Recorded information Block Start

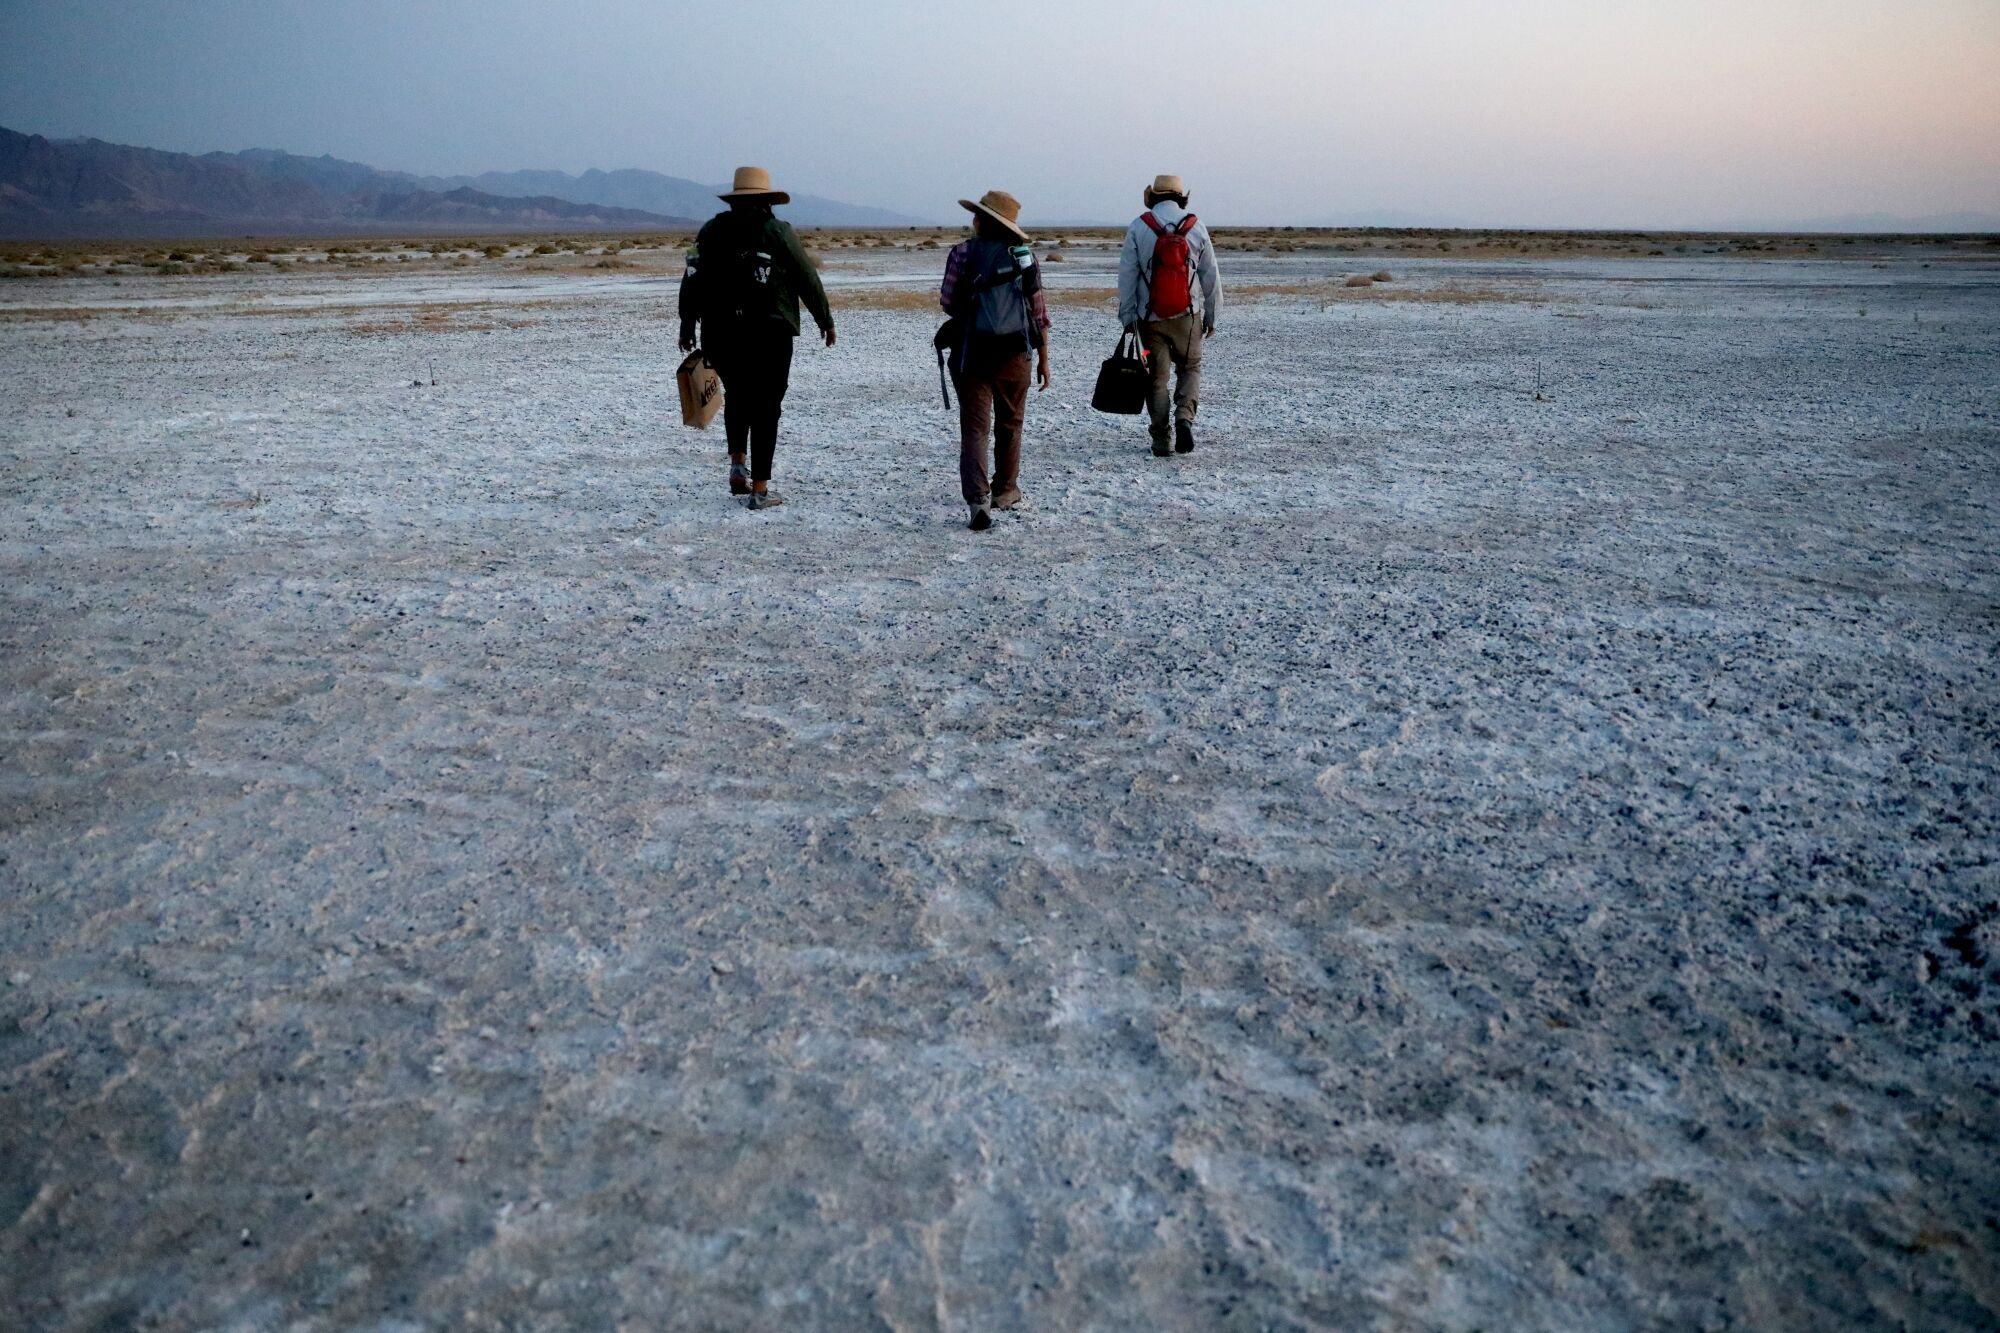 Three people trudge over a craggy desert plain
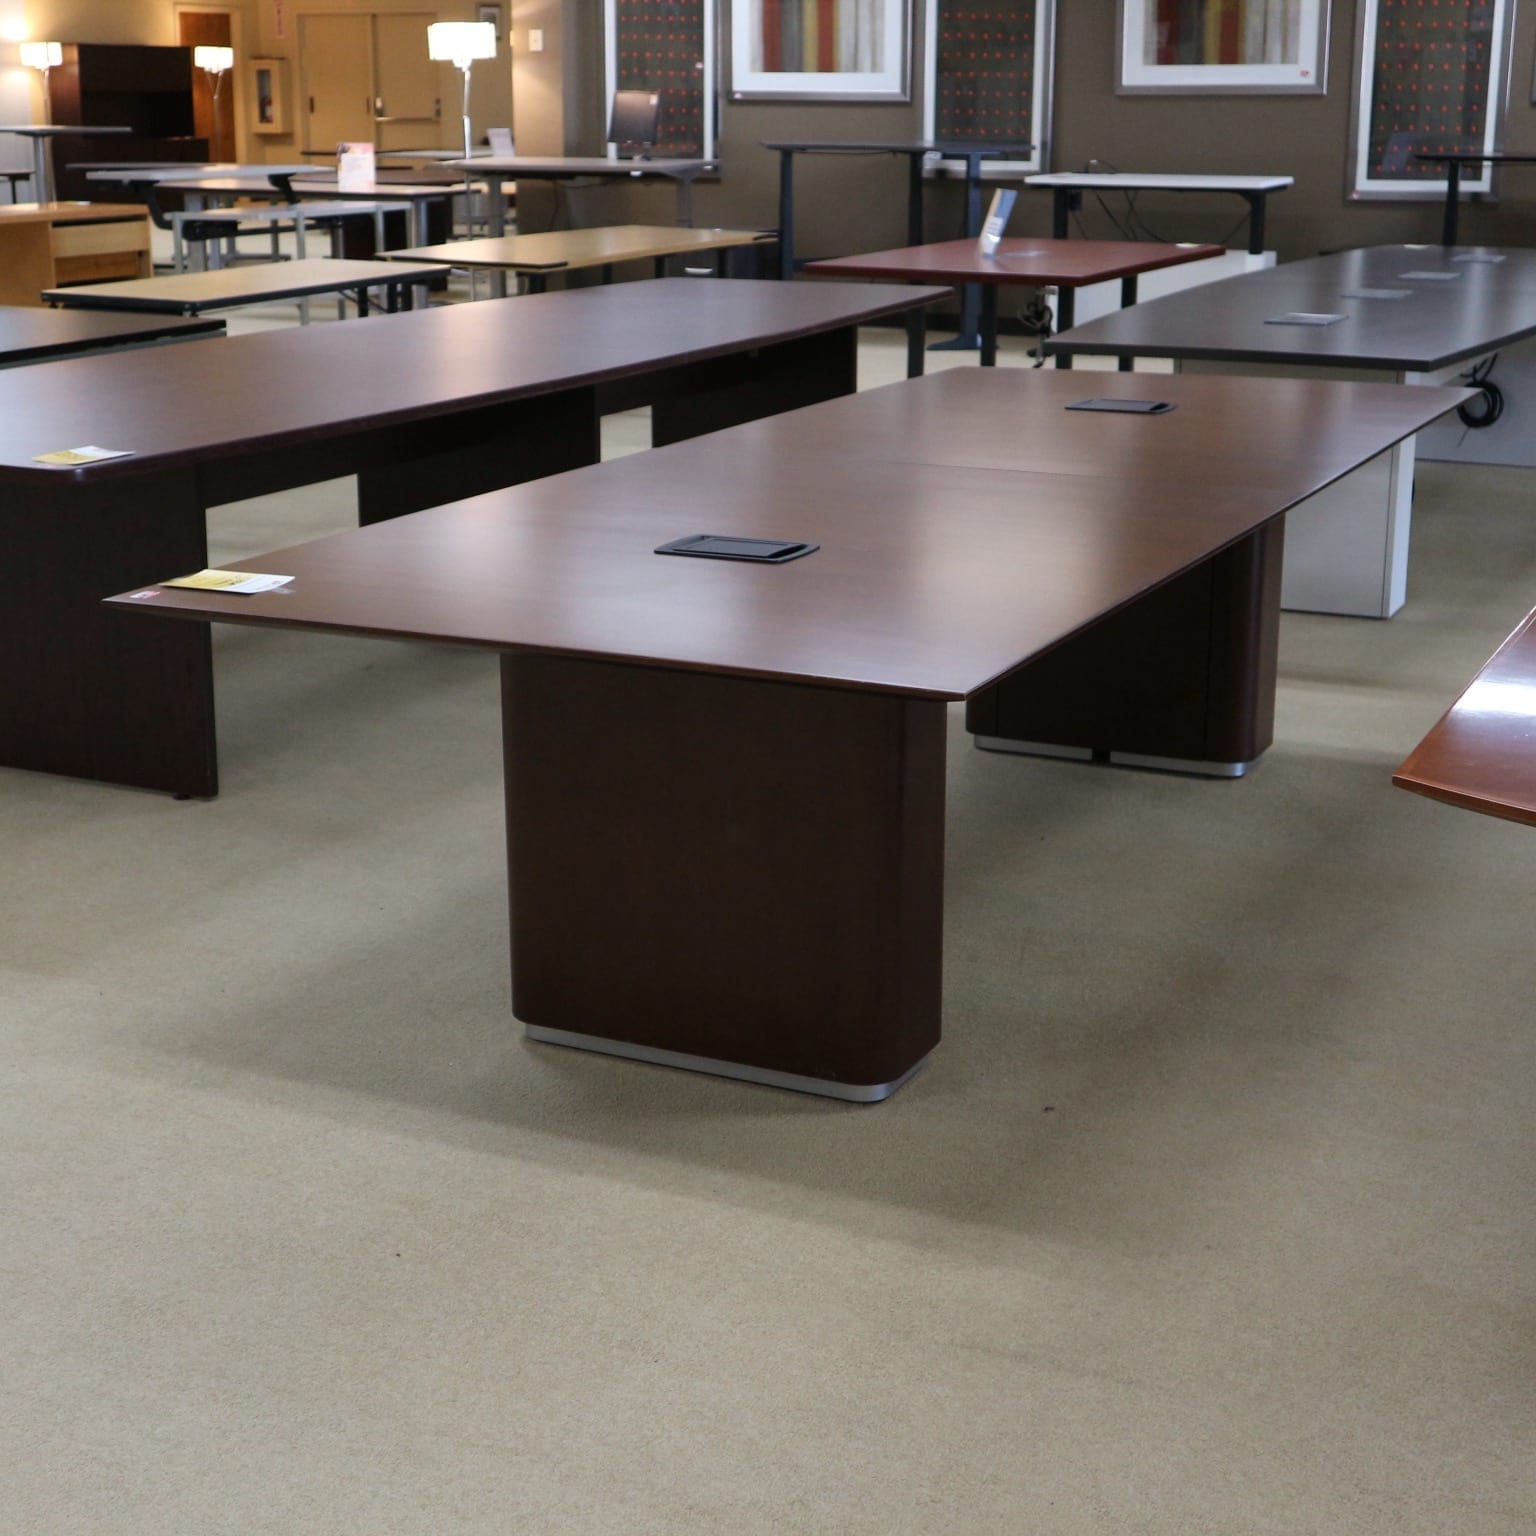 10 conference table
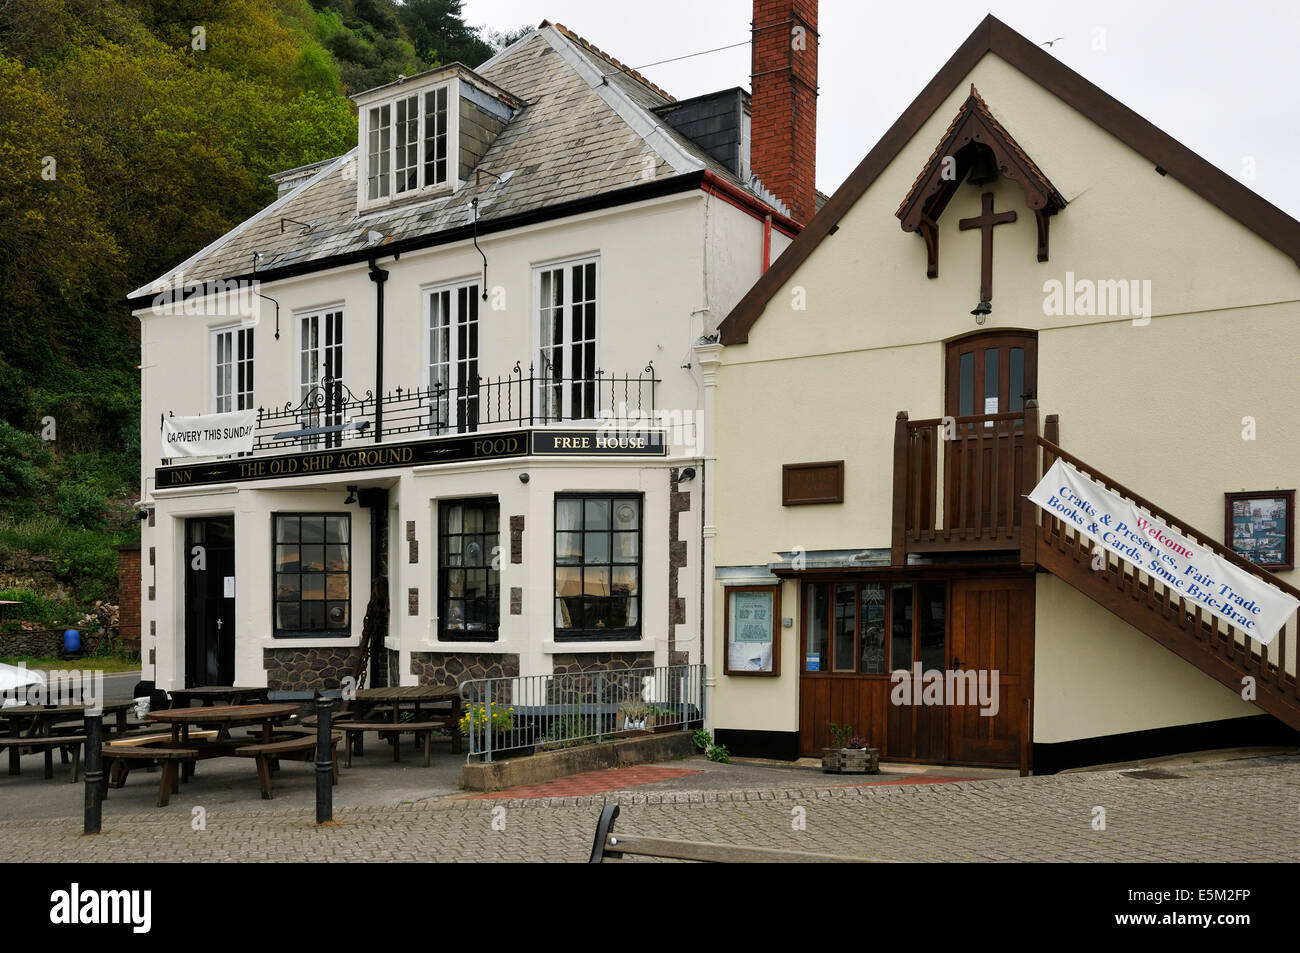 The Old Ship Aground Inn &  St Peter on the Quay Church, Minehead Harbour Stock Photo
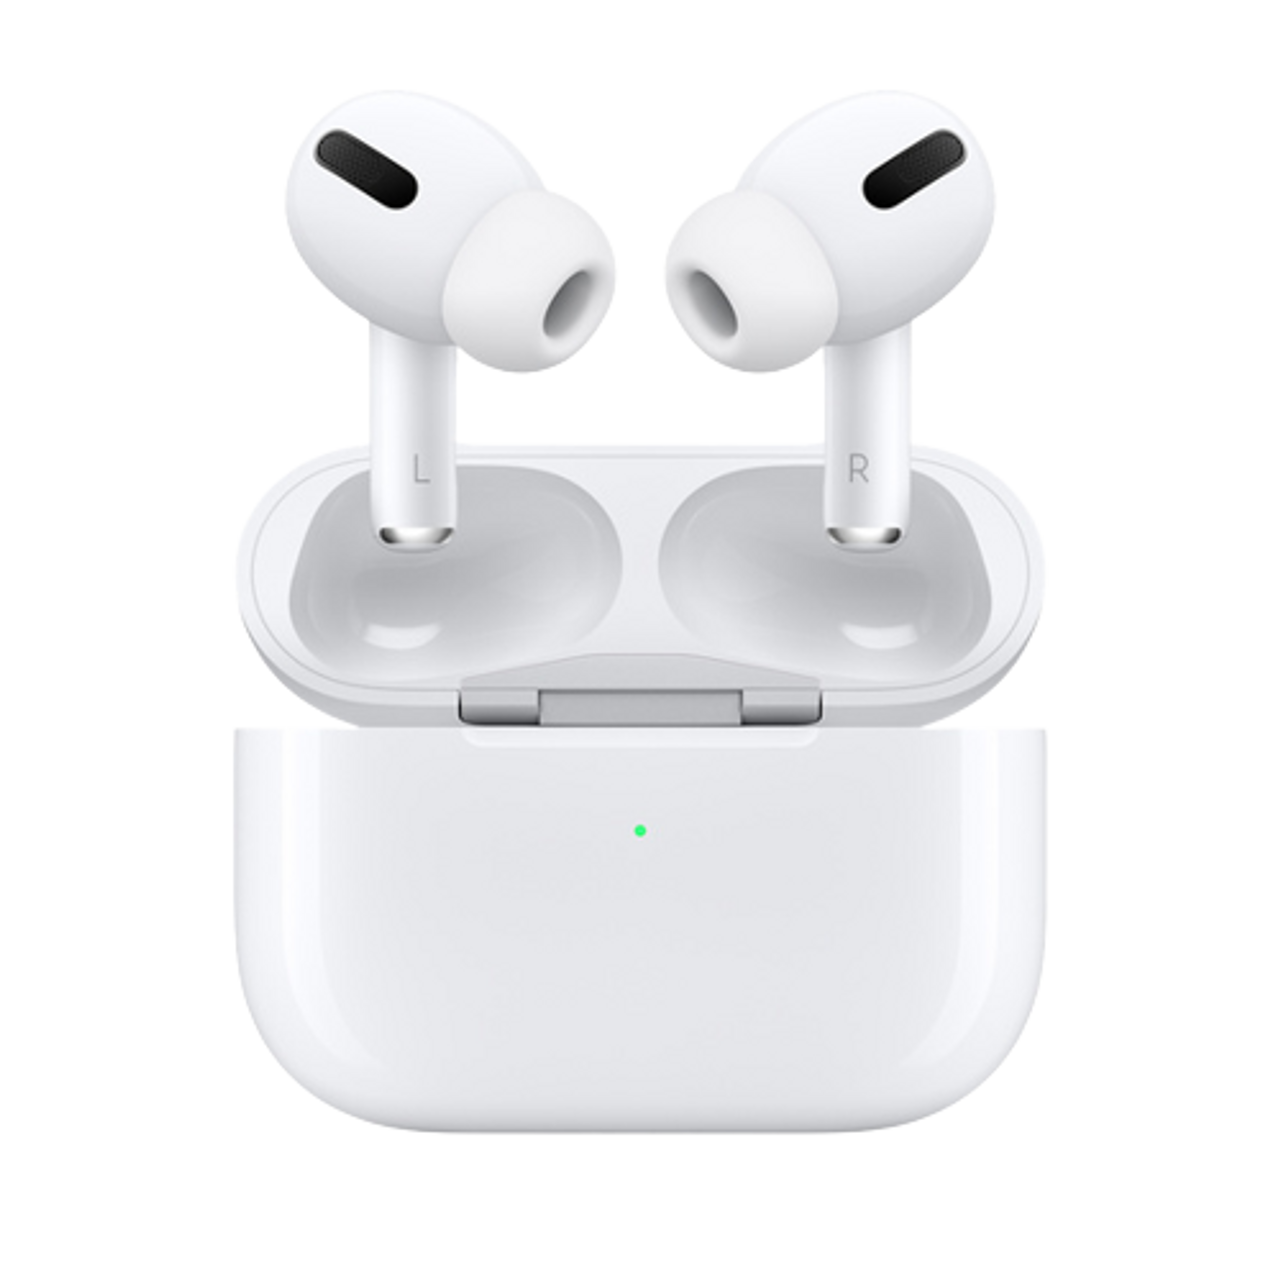 Cornwall Ugle Pengeudlån AirPods Pro High Quality Compatible with iPhone iPads | 30 Day replacement  warranty Free Case

Recorded information Block End

**Your goal:**
From the first line to the last, return the material above exactly, apart from the pictures.

**Task result:**
 Three people trudge over a craggy desert plain
 10 conference table
 The Old Ship Aground Inn &  St Peter on the Quay Church, Minehead Harbour Stock Photo
 Cornwall Ugle Pengeudlån AirPods Pro High Quality Compatible with iPhone iPads | 30 Day replacement  warranty Free Case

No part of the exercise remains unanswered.